As a human, who believes in equal opportunity and equal rights, I refused to believe that I could not treat my two dogs equally. They were both my darling, furry children. But the dog behaviorist successfully convinced me that dogs have a hierarchy, and equal treatment had to go out the window. It wasn’t difficult to convince me. We were having dog fights; that had to stop. So I was willing to do whatever it took to stop the fights. If we were not having any problems, I would probably have continued treating them equally.
Loki is alpha.
Between the two dogs, Loki is alpha. Convincing me of that took more work. I felt that Jujube had a lot more dominant traits. The behaviorist informed us that the incumbent dog is always alpha by default. Loki was here first, therefore he is alpha by default. But, I argued, Jujube has a lot of dominant traits too. She’ll fight back when Loki attacks her, and she even wins sometimes. She’s much better at humping him rather than the other way around.
“But who starts the fights?” she asked me.
“Does Jujube ever start the fights?”
Therefore, Loki is alpha. Loki is trying to control her, trying to dominate her. She does not try to control or dominate him.
Switching status is possible.
It’s very possible that dogs will switch roles. The behaviorist told us that she wouldn’t be surprised if Jujube became alpha later on, but until that happens, we should treat Loki as alpha.
Support Loki as alpha.
This notion was the most revolutionary for me. Prior to the behaviorist, I would always admonish Loki for showing teeth or growling at Jujube. He was the one displaying aggression. Shouldn’t he be the one reprimanded? Shouldn’t he be the one to be corrected?

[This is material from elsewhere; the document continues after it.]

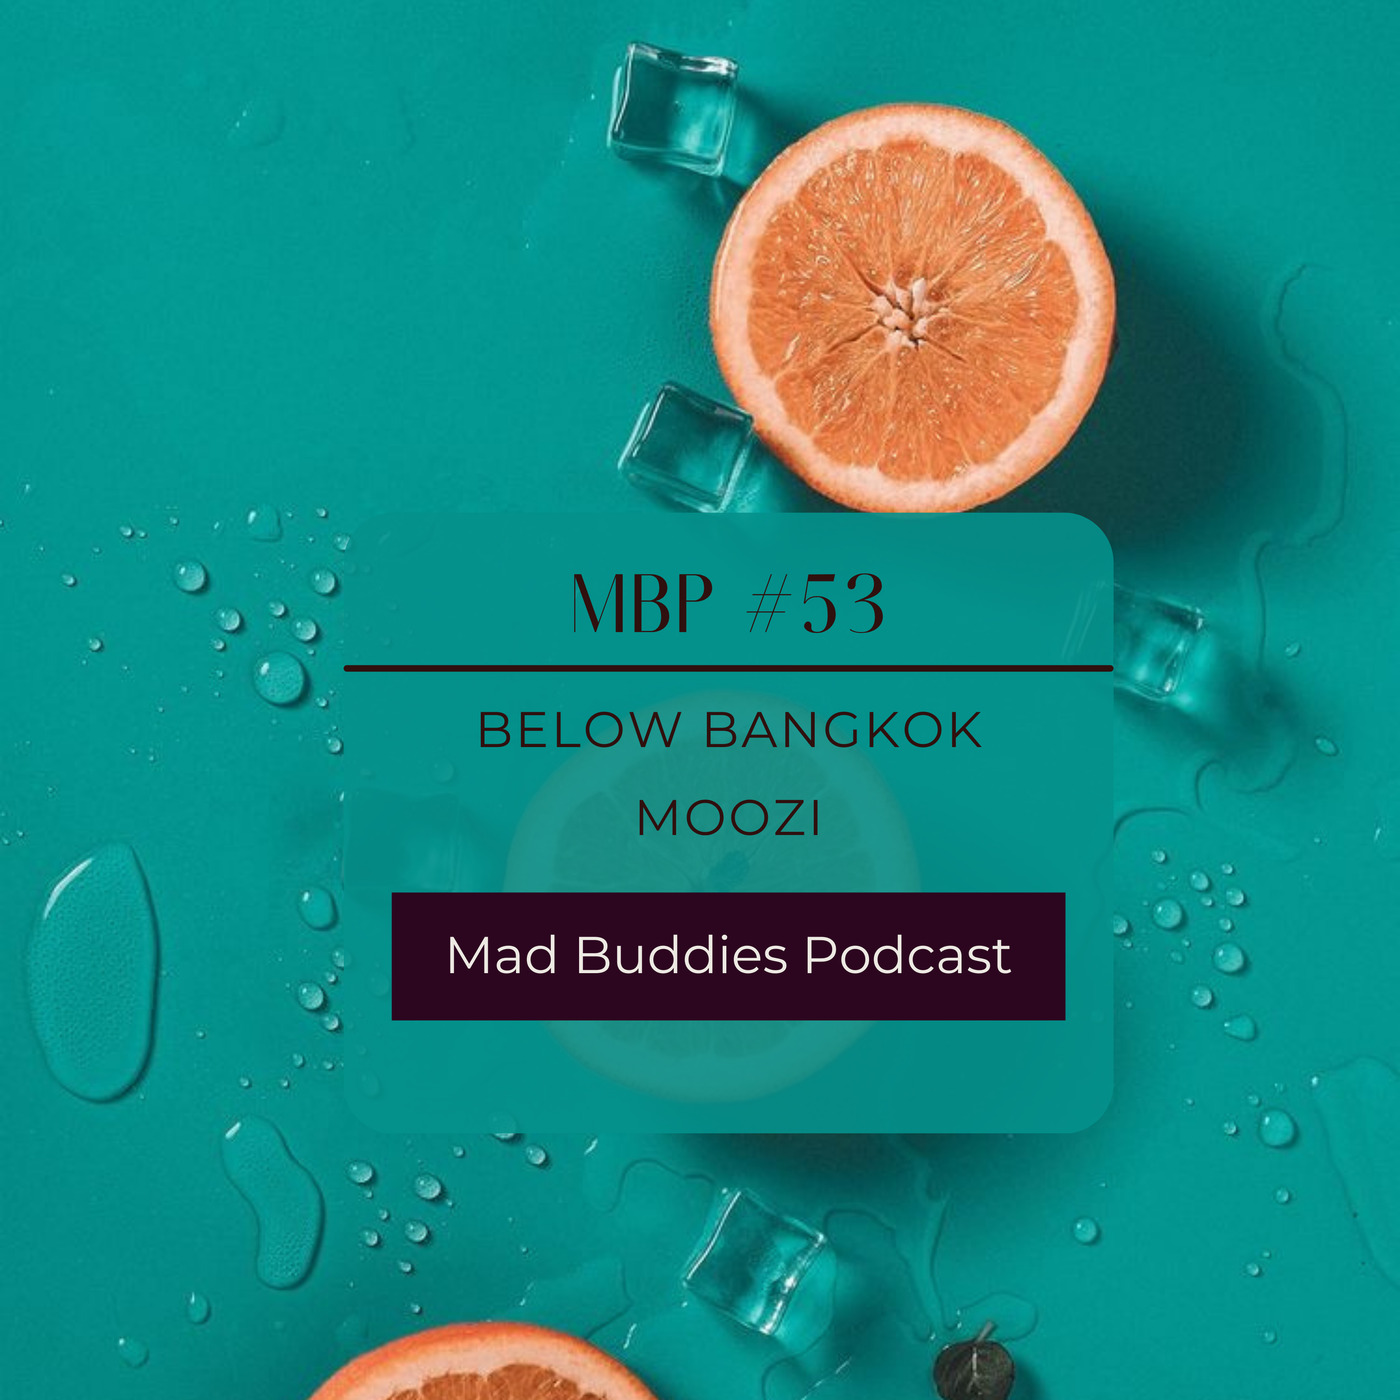 MBP #53 guest mix by Below Bangkok

Instead, the behaviorist suggested that we support Loki as alpha. This meant that when Loki showed teeth to or growled at Jujube, we should be his ally, not his enemy. For instance, if he growled at her to stay away and give him more personal space, we should make Jujube back up and give him more personal space. Dogs show teeth or growl to communicate to other dogs. Jujube wasn’t getting the message. She was not heeding his warnings. We needed to help facilitate that communication. Admonishing Loki for showing teeth was a mixed signal to the dogs. It told Jujube that she didn’t need to listen to Loki and could ignore his warnings.
Additionally, we were advised to treat Loki as alpha by feeding first, greeting first, letting him out first, etc. But since we were having problems, we were advised to not allow either of them access to the couch or bed.
We immediately implemented alpha treatment and alpha support of Loki. So far, so good.